In cranberry, there are three species: two are diploid and one is tetraploid. All attempts to cross the tetraploid with the diploids failed. The chromosomes of the diploid varieties were doubled, and some of these induced tetraploids were crossed with the tetraploids. These crosses are leading to new and improved varieties of cranberries.

Hybrids between species are usually sterile. The chromosomes of the two species, although able to form a new plant, cannot form functional pollen and egg cells. Doubling the chromosome number of such hybrids usually produces fertile plants that may lead to developing new varieties. Such sterile hybrids have spontaneously produced branches with fertile flowers. The branches have the double number of chromosomes.

Polyploid sugarbeets have been produced in Sweden and Japan. The tetraploids with 36 chromosomes were inferior to the diploids with 18 chromosomes, but when they were crossed with diploids, they produced useful triploids with 27 chromosomes. Swedish plant breeders have reported that after a long period of breeding and selection, useful strains of tetraploid sugarbeets are being obtained.

A triploid watermelon from Japan is available. It was developed by crossing colchicine-induced tetraploids with diploids. The cross is successful only with the tetraploid as seed parent. The triploid watermelons are seedless. They have a thin rind and high content of sugar.

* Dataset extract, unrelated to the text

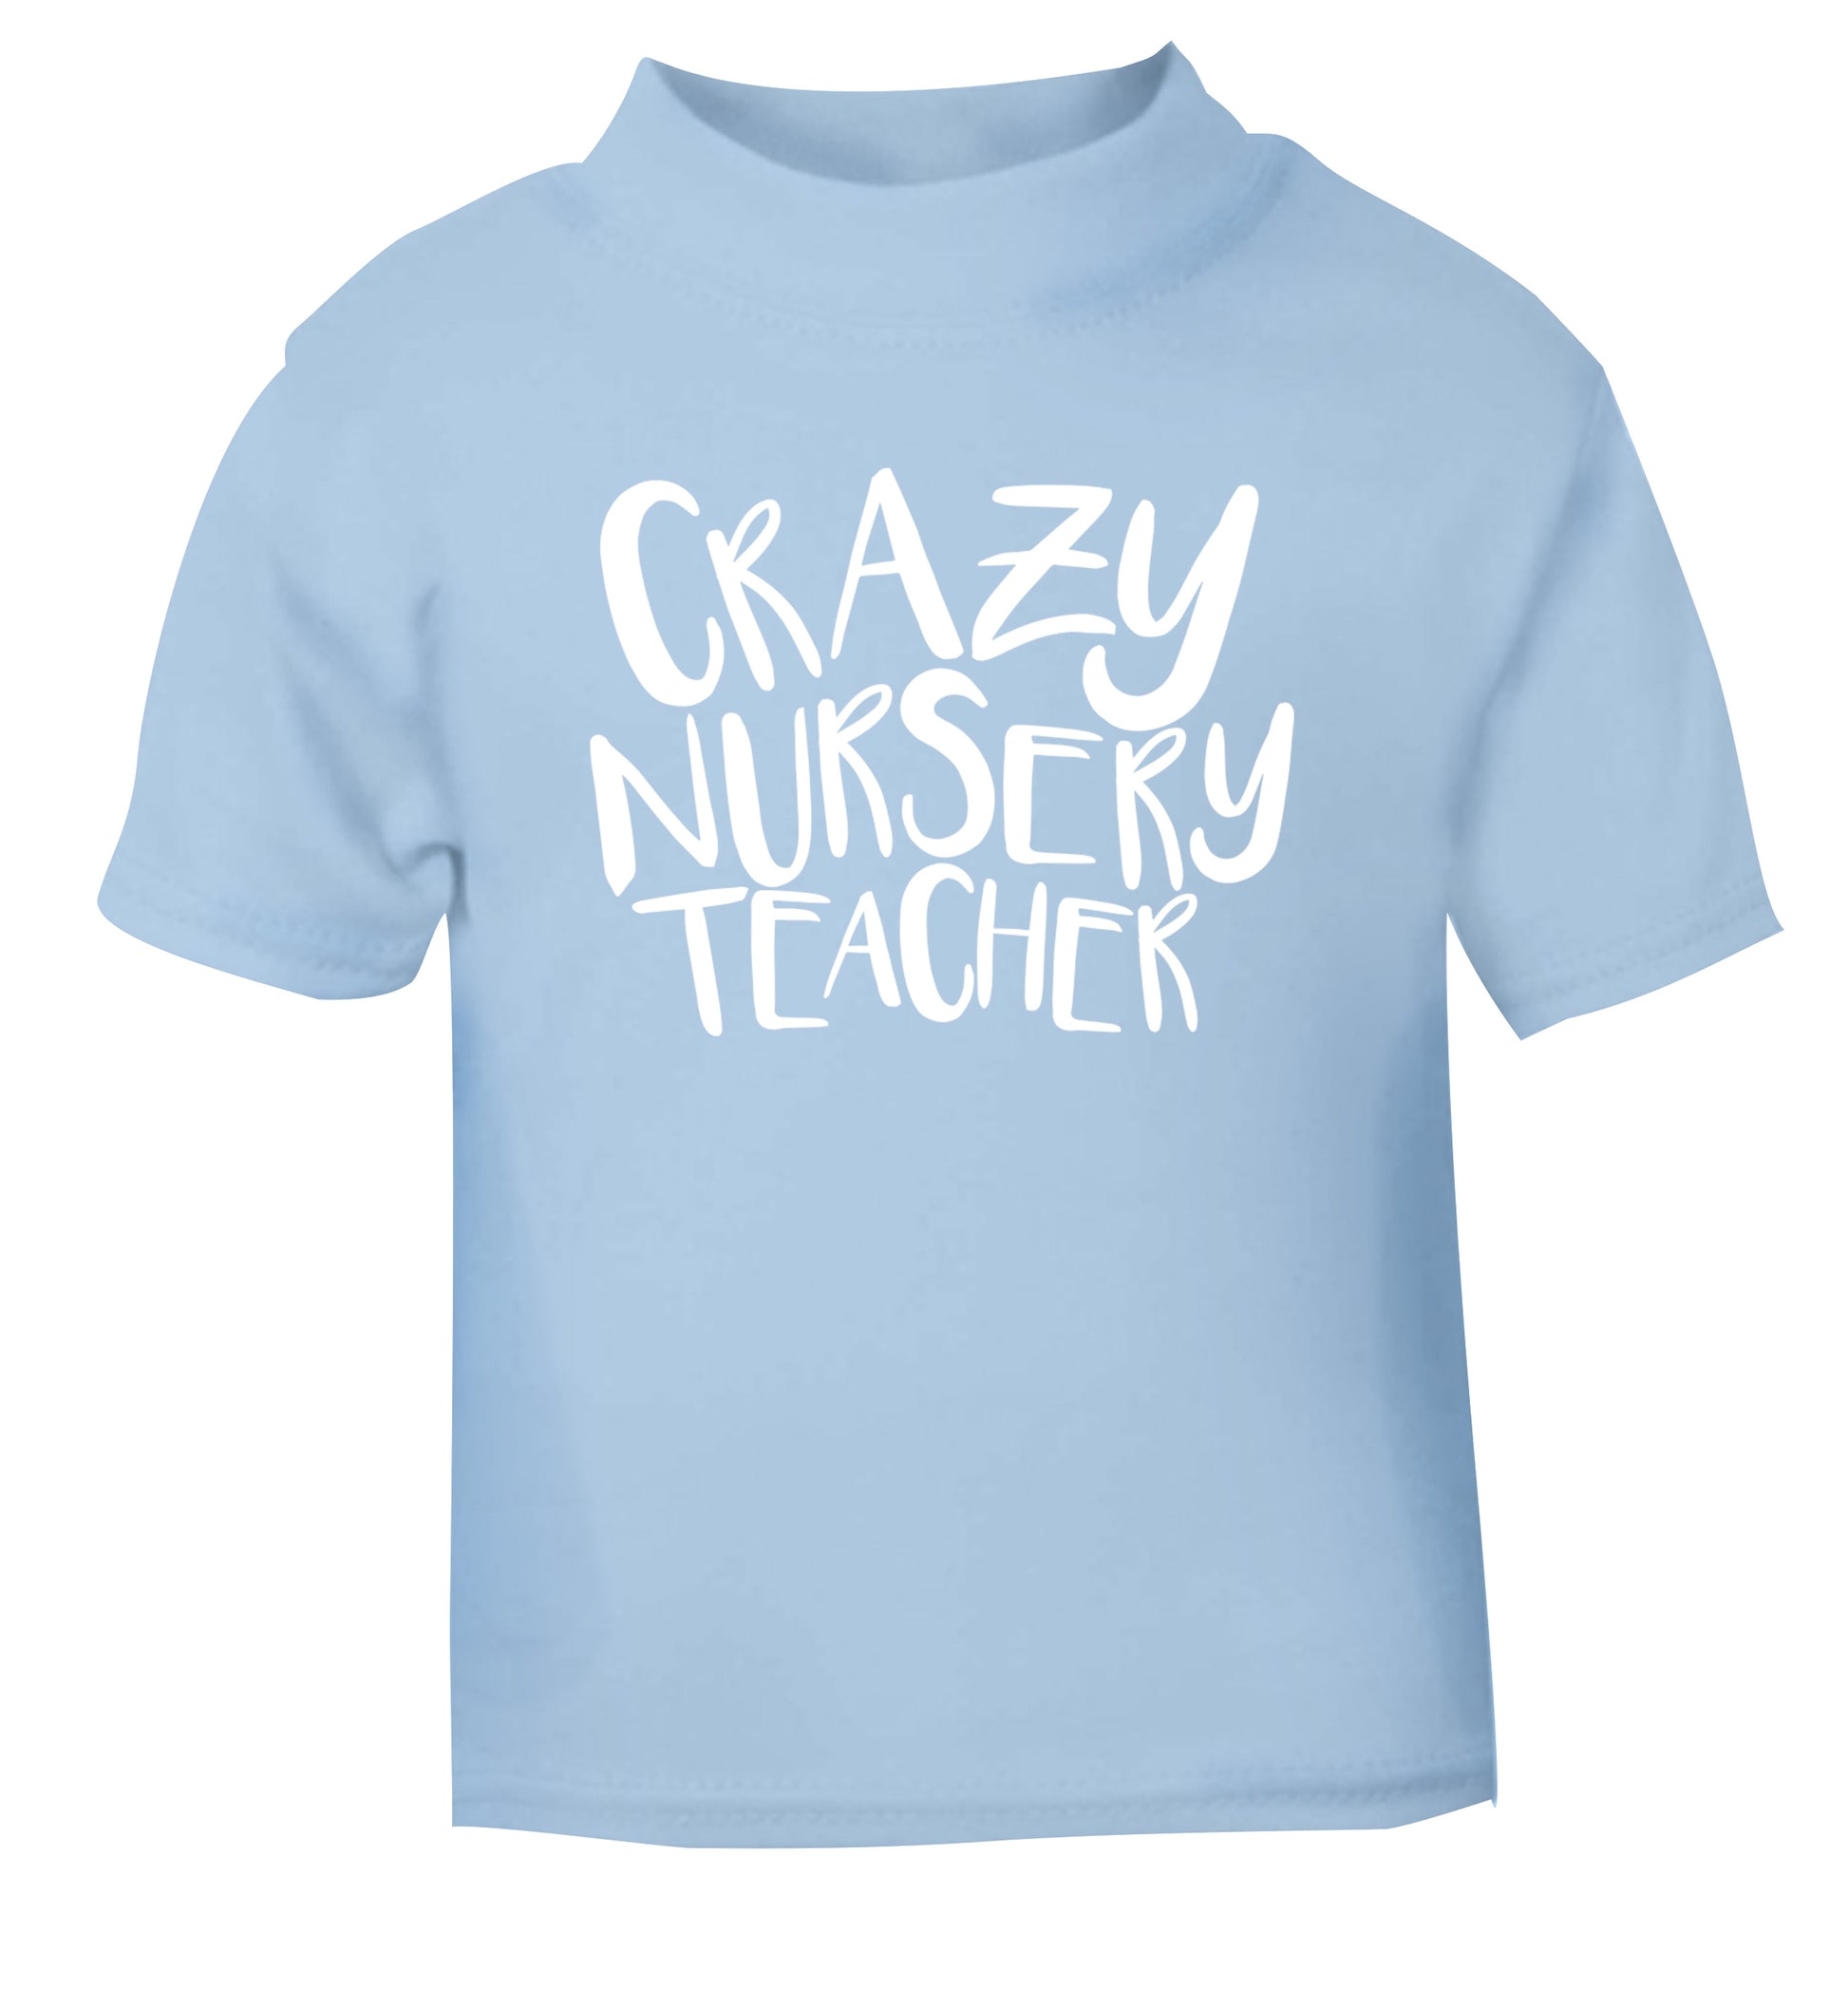 Crazy nursery teacher light blue Baby Toddler Tshirt 2 Years

THE PLANT breeder now has many techniques and tools to work with. The accomplishments of the past half century are many, but will probably be far exceeded as newer and more improved methods are devised.

S. L. EMSWELLER entered the Department of Agriculture in 1935. He is leader of Ornamentals Investigations. He came from the University of California, where he received his doctor's degree in 1932.